But to add to that, um, what I think is interesting is that the brain processes a lot of energy when you’re thinking about things. And so that’s why we have habits, right? Like you don’t get into a car and drive to the gym and think about shifting, think about your breaking. Well, if you’re a racer, maybe you think about apexing a couple turns, but other than that you’re not really thinking, you know, you’re more or less, um, in this, like just you’re going with a flow.
And the reason why habits exist is they’ve proven that your brain burns 20% of your calories and you know, 20% of your glucose rather.
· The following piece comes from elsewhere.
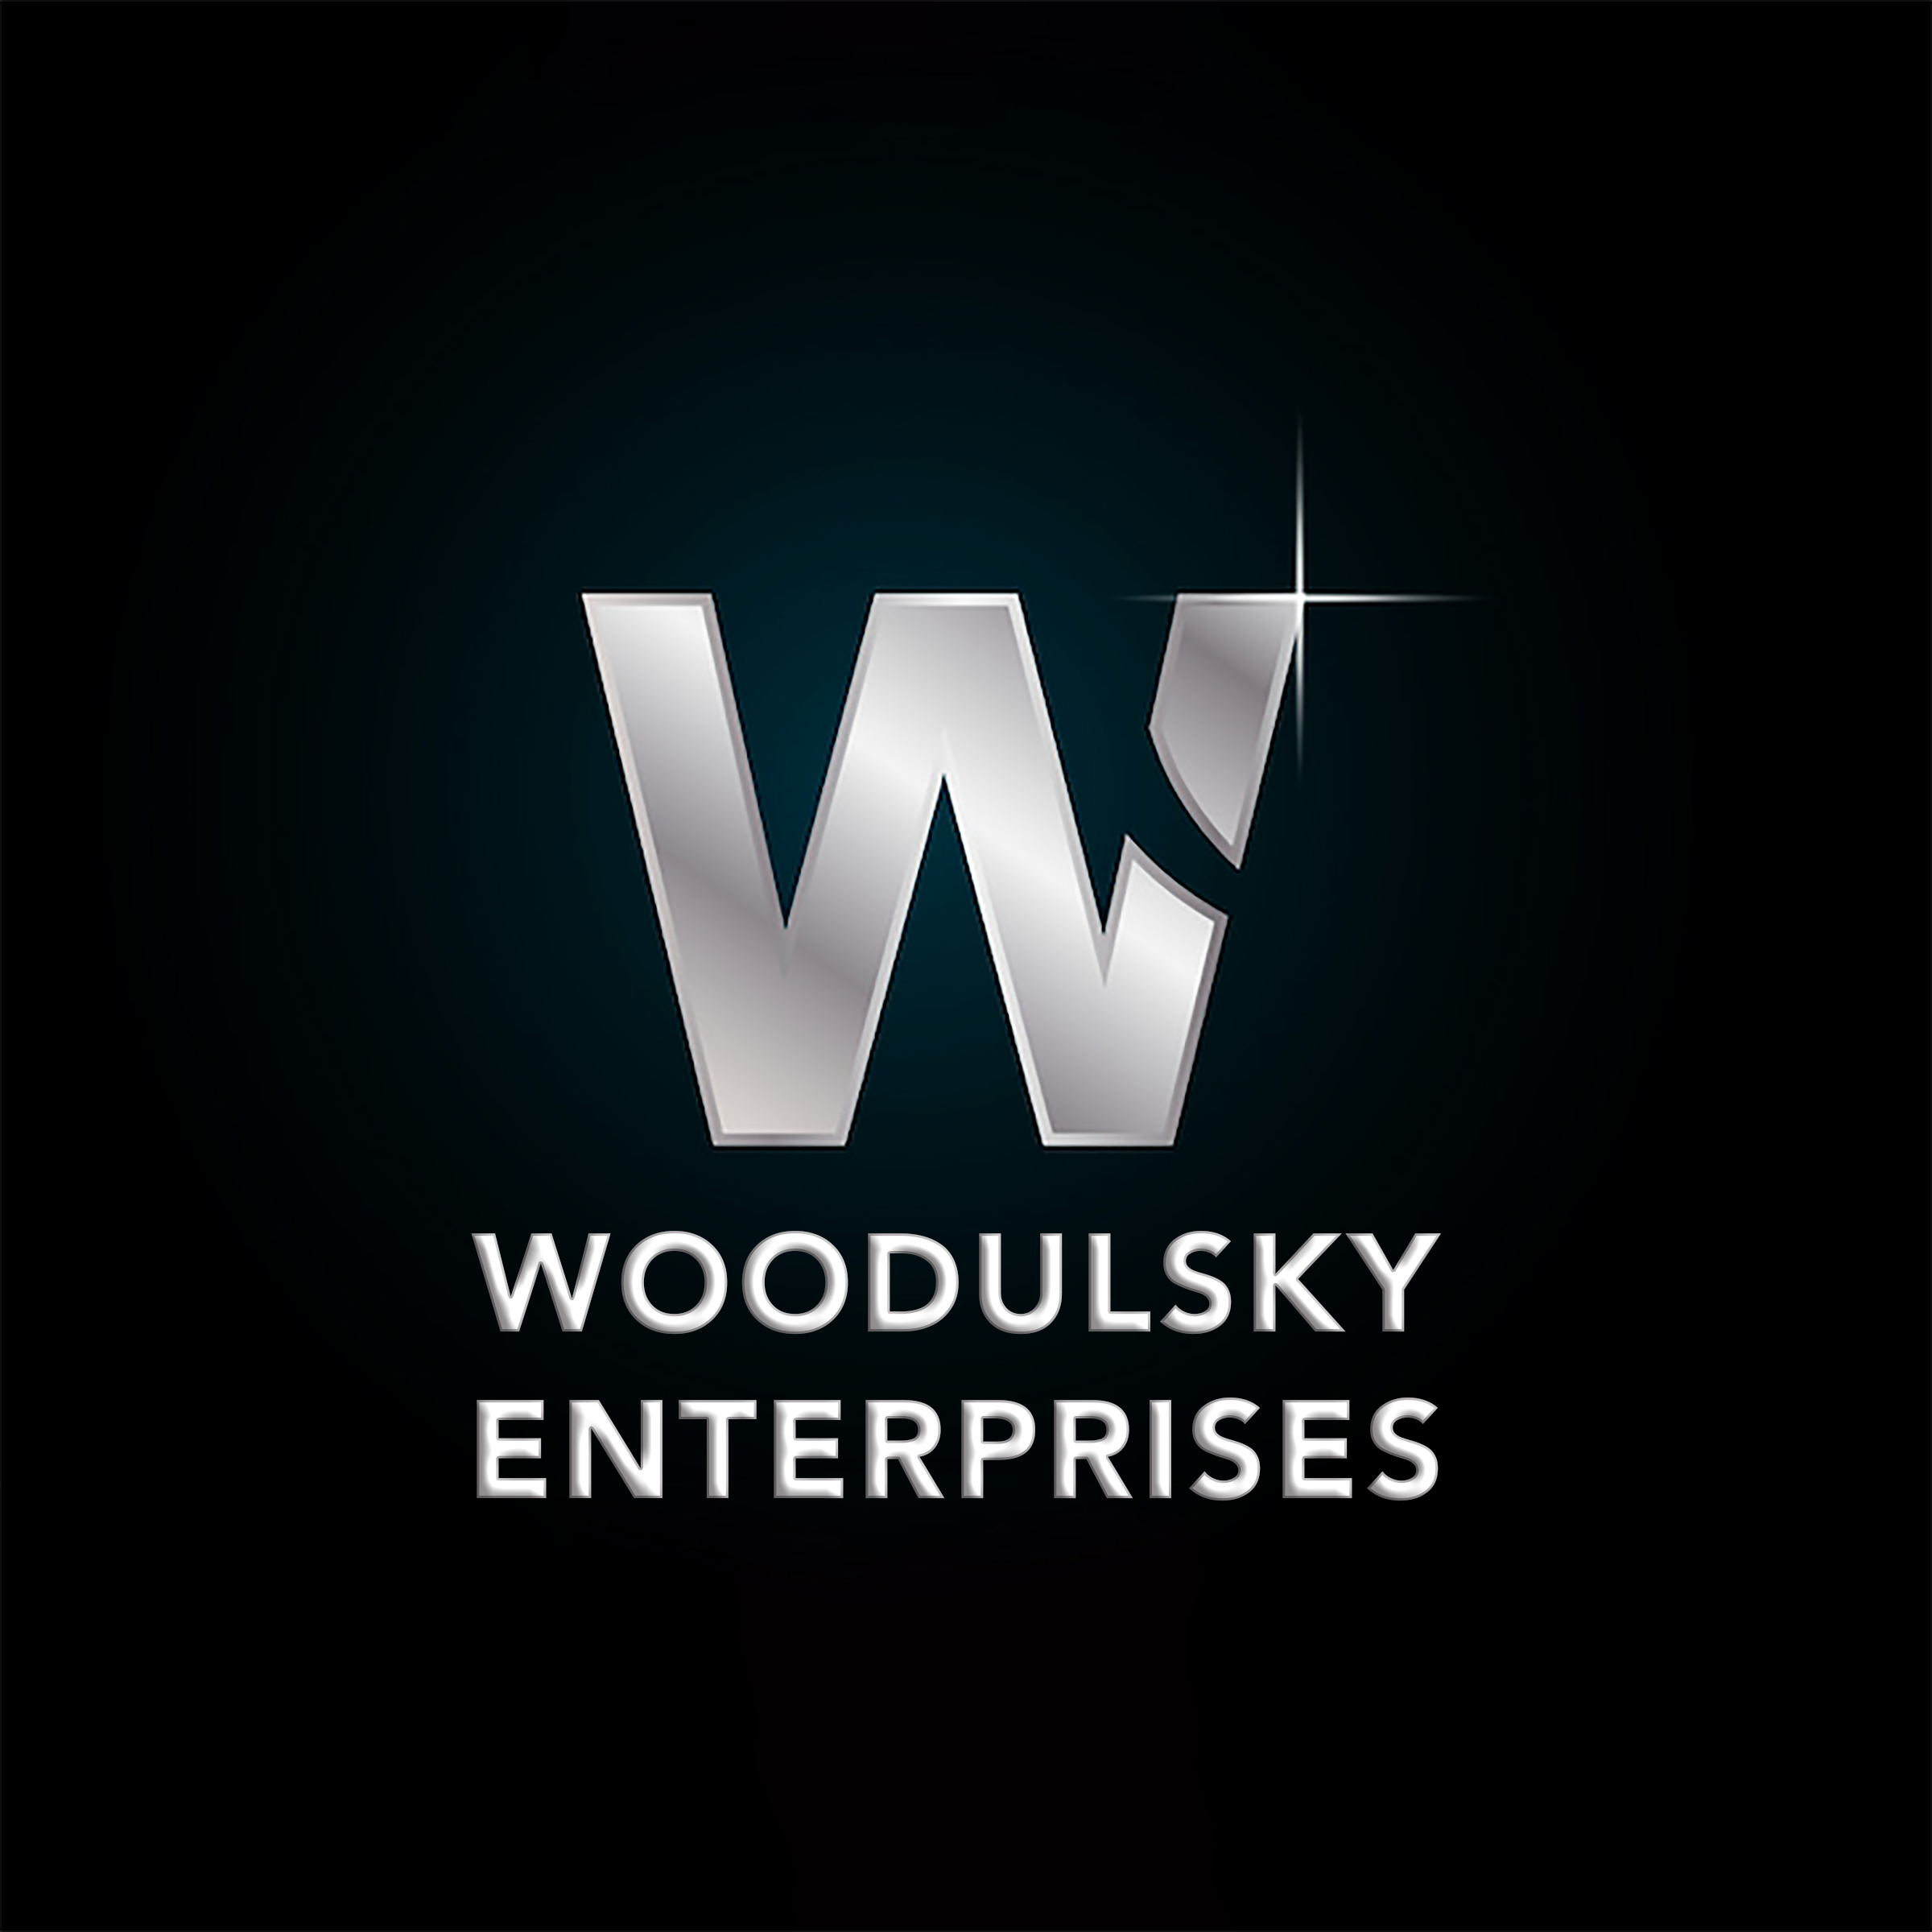 Woodulsky Enterprises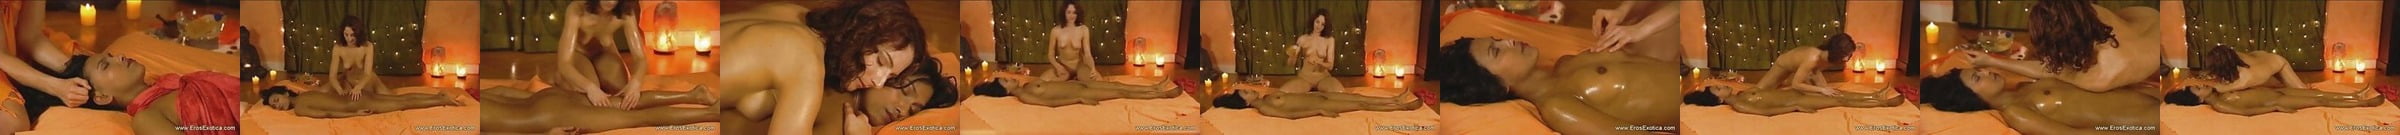 Tantric Massage Porn Videos Xhamster

So, and I know it relates to calories, but to be perfectly accurate, uh, I believe the number’s 20% of the glucose. And so it’s interesting because. Wow. You start to realize, like our brain is really burning up some of our resources.
So resources back in the all days, were very limited. And so the way that you manage that is through habits and through the subconscious mind and the automation. And, um, so it’s really interesting that on a race day, if you have a process, you essentially are an energy conservationalist, your glucose, mental carbon footprint is, I’m gonna be lower.
I mean, you’re, you’re, you’re doing things where you free up your mind to either not be thinking, not burning calorie, not burning glucose, and just maybe allow your mind to focus on the things that might be a little bit more relevant and important. Like, Hey, what did Deagan just do? Um, you know, Jason Anderson is having a breakout ride tonight.
Well, why, you know, as opposed to like, I, no. Should I eat peanut butter and jelly today, or should I have peanut butter and banana? It’s like, dude, are you serious? And you know what sad part is? I, I won’t call anyone out, but I’ve seen the athletes, and you can, you know what’s funny? I think that if you brought someone that knew nothing about our sport, motocross, Supercross, you brought them in and you said, Hey, listen, I’m not gonna tell you who’s the best and who’s not, but what I’m gonna do is we’re gonna introduce you to 10 athletes.
You’re gonna hang out with each one for 10 minutes, 10 athletes, 10 minutes. At the end of that timeframe, I want you to tell me who do you think is the best, and who do you think is getting the worst results? What do you think the result of that experiment?
It would be very interesting. That’s for sure. I’d be tipping that they probably wouldn’t guess who was the fastest writer, that’s for sure. Really interesting. So yeah, you, you might, so, all right. Interesting. So we might disagree slightly on this. I think that they would listen to the words and the narratives of, and maybe this is me, maybe I’m speaking more for myself, but they might recognize that the guy who’s the 10th place guy doesn’t seem to be focused on, you know, what he can do.
He’s maybe a little distracted. He might be on his phone. He might just kind of look a little even uncomfortable, a little almost stressed, but. Now all of a sudden, let’s say that you, let’s say they’re hanging out with that guy who they don’t know is the 10th place guy. Now all of a sudden they go without knowing it themselves.
They are now with the number one guy. And they go over there and they’re like, oh, this is interesting. So this guy is talking to three different guys that look important because they’ve got these fancy jackets on with all the same logos and they all seem to match, and they all seem to be intensely watching a video that’s side by side of a ghosted image.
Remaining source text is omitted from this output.